You see, actress Rashida Jones is so gosh darn likable in her role as the aforementioned Ann in the NBC comedy, Parks and Recreation, and it is no different here. You can’t help but feel fiercely protective of her.

This time around, Jones plays Laura, a woman with a lot on her mind. She’s trying to raise her two kids while simultaneously writing a book. Her husband, Dean (Marlon Wayons), is perpetually absent, darting in and out of the household as he attempts to get a tech company startup off the ground along with a handful of colleagues, including, most notably to Laura, the beautiful and forward Fiona (Jessica Henwick).

Laura becomes increasingly preoccupied with the central question of the story: Is Dean cheating on Laura?

Her father, Felix (Bill Murray) seems to think so. And he has a long life full of womanizing experience to draw on as he presents his case and tries to help her “think like a man.” So she reluctantly gives in to his schemes of finding out and a series of misadventures follow!

You can’t go deaf to women’s voices…. you better start figuring out how to hear them.

– Laura, On the Rocks

Laura and Felix’s mission to discover the truth take them across Manhattan, uptown parties, the local hotspots, but ultimately the heart of the journey lies in her facing up to their own complicated father-daughter relationship.

This exchange between Laura and her father illustrates the tension:

Laura: I am sick of you taking over everything, making it all about you and what you want all the time. What you dragged us all through. You pushed Mom away. You can’t go deaf to women’s voices. You know that, right? You have daughters and granddaughters, so you better start figuring out how to hear them. You pushed Mom away. You wanna push us away too?

Murray, as often is the case, gives an audience-pleasing performance. This is his third collaboration with Coppola, after Lost in Translation and the A Very Murray Christmas holiday special. She seems to have this knack for bringing out the best in him. Perhaps we can say she is the Murray Whisperer?!

While this film isn’t exactly breaking new cinematic ground, it’s well worth a view just for the scenes shared between Jones and Murray, They enjoy tremendous chemistry.

The conclusion, while satisfying, does feel a little rushed. The film is only 96 minutes and could have easily benefited from an extra half hour.

Talk to Me

Of course, as is the case in so many films, so much could have been avoided and solved if central characters would, you know, talk to one another, and willing to ask questions. But stories need something to help drive conflict, tension or mystery, so concessions must be made.

Needless to say, communication is vital to any healthy relationship! So, why do we, like Laura, sometimes find ourselves paralyzed when we know we have to confront those we love with the tough questions and hard conversations? No doubt because we may be trying to protect ourselves or a misguided belief we are protecting those we love from hurt.

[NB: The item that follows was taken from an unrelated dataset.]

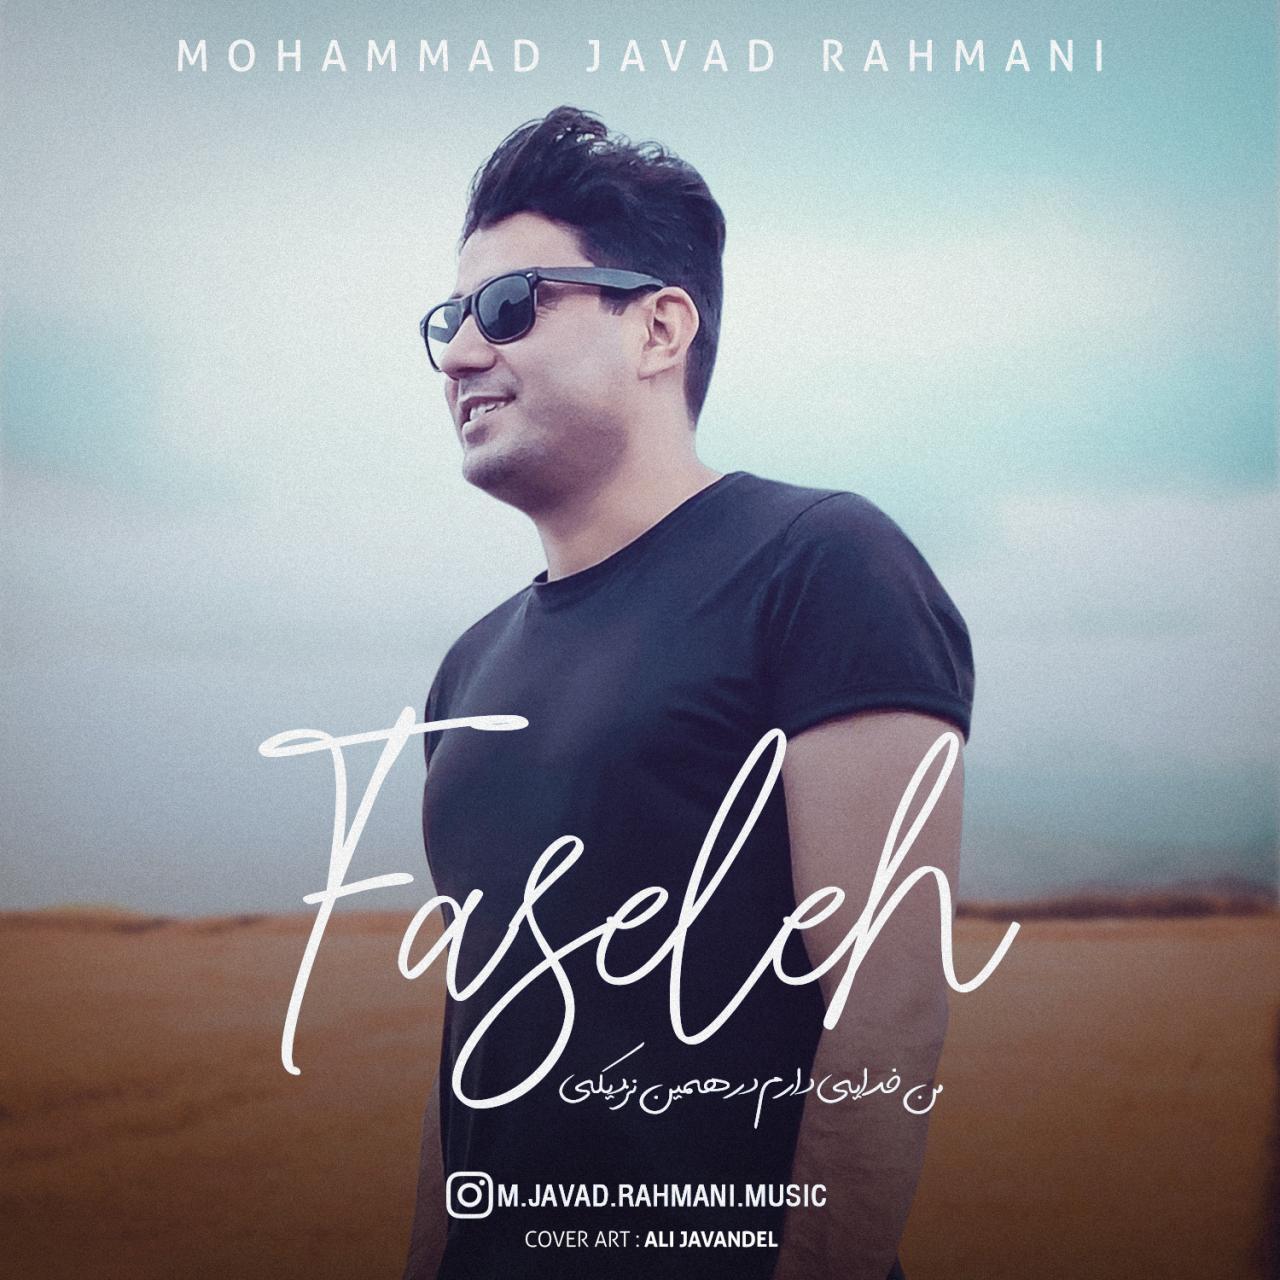 Mohammad Javad Rahmani – Faseleh

The idea of confronting some potential truths can feel like too much to bear, so… we sometimes just don’t. It’s easier to don’t. But easier doesn’t always mean better.

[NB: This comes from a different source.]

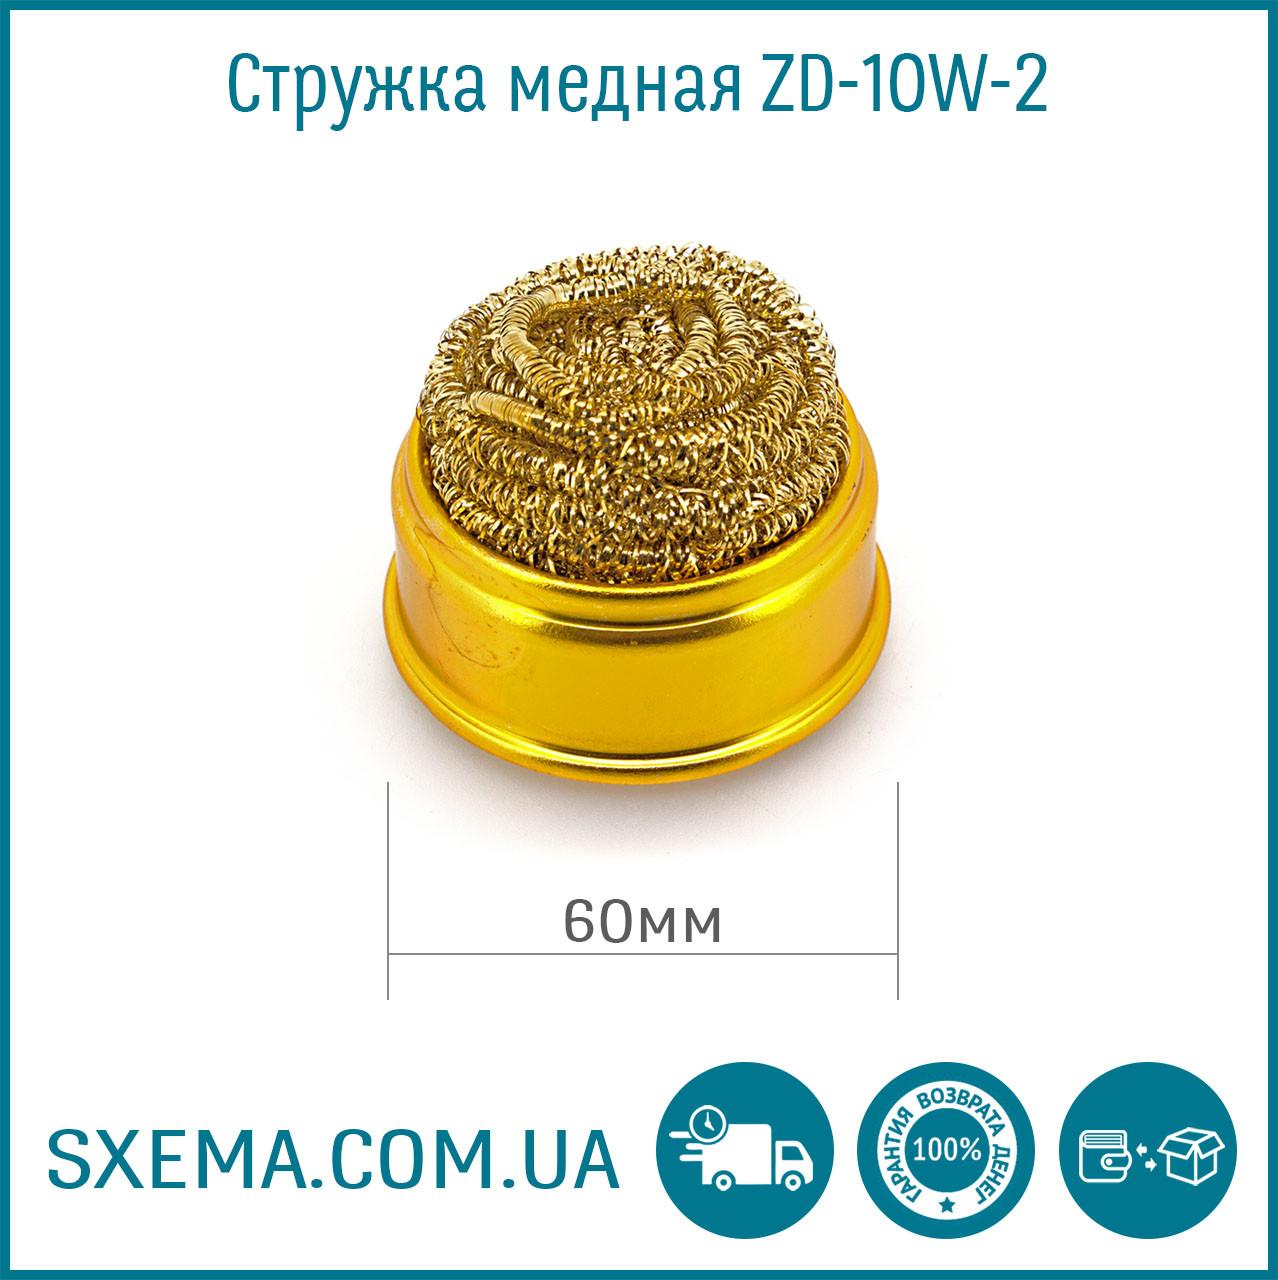 Мідна Стружка для очищення жала з ванночкою ZD-10W-2

Here is the thing about paralysis. We can’t move. And it’s hard to keep a relationship alive if you aren’t feeding it properly.

Origin Story

In the film, Laura is forced to confront her past and how her father’s choices and behaviors have shaped her own attitudes towards relationships and insecurities. This is called family of origin issues. It is not uncommon to carry childhood hurts and traumas into adulthood and important to explore and understand it.

Jesuit Social Services (JSS) offers some helpful strategies in family of origin work. The organization suggests:

  1. Drawing a family Genogram. This helps to think about different family members and what themes have come up over the course of your upbringing. JSS recommends the following questions as guidance: How do different family members operate in relationships? What roles did you and other family members play in your family? What are the good attributes and qualities you have taken away from your family experience and what are the negative qualities you may have taken away? How differentiated are various family members?
  2. Think broadly. What are some of the social, cultural, environmental, and economic issues that have helped shape you from both your current family and previous generations?
  3. Consider what influence your family of origin issues carries into your relationships, particularly with young people.
  4. Is there someone you feel comfortable exploring your family of origin with?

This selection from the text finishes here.